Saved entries
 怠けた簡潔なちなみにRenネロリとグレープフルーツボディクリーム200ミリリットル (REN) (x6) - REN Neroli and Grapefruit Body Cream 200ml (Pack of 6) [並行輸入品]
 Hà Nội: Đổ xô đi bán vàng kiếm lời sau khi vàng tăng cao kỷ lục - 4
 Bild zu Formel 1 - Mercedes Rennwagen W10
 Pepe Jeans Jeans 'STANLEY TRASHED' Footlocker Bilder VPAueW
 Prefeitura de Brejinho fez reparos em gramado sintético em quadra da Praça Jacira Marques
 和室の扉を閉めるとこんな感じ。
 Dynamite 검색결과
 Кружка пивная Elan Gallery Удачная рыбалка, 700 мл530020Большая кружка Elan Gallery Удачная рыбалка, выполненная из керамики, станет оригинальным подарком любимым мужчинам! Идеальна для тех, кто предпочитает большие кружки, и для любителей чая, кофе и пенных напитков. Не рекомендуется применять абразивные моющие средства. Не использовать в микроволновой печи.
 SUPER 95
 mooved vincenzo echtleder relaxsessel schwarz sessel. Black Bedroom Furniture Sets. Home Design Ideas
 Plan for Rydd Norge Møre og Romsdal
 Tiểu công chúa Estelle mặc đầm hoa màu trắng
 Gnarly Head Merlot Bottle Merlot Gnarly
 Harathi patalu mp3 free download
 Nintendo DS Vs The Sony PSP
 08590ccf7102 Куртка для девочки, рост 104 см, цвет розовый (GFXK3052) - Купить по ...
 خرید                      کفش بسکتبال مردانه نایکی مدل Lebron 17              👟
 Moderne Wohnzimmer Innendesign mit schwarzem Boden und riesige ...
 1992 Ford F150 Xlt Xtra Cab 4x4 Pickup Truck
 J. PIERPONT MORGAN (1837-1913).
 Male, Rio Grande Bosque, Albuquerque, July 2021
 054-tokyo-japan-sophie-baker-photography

* **INSTRUCTIONS TO FOLLOW**: Extract the lines above from the one containing "Nintendo DS Vs The Sony PSP" to the last line, both included, exactly as written.

* **SOLUTION TO THIS EXERCISE**:
 Nintendo DS Vs The Sony PSP
 08590ccf7102 Куртка для девочки, рост 104 см, цвет розовый (GFXK3052) - Купить по ...
 خرید                      کفش بسکتبال مردانه نایکی مدل Lebron 17              👟
 Moderne Wohnzimmer Innendesign mit schwarzem Boden und riesige ...
 1992 Ford F150 Xlt Xtra Cab 4x4 Pickup Truck
 J. PIERPONT MORGAN (1837-1913).
 Male, Rio Grande Bosque, Albuquerque, July 2021
 054-tokyo-japan-sophie-baker-photography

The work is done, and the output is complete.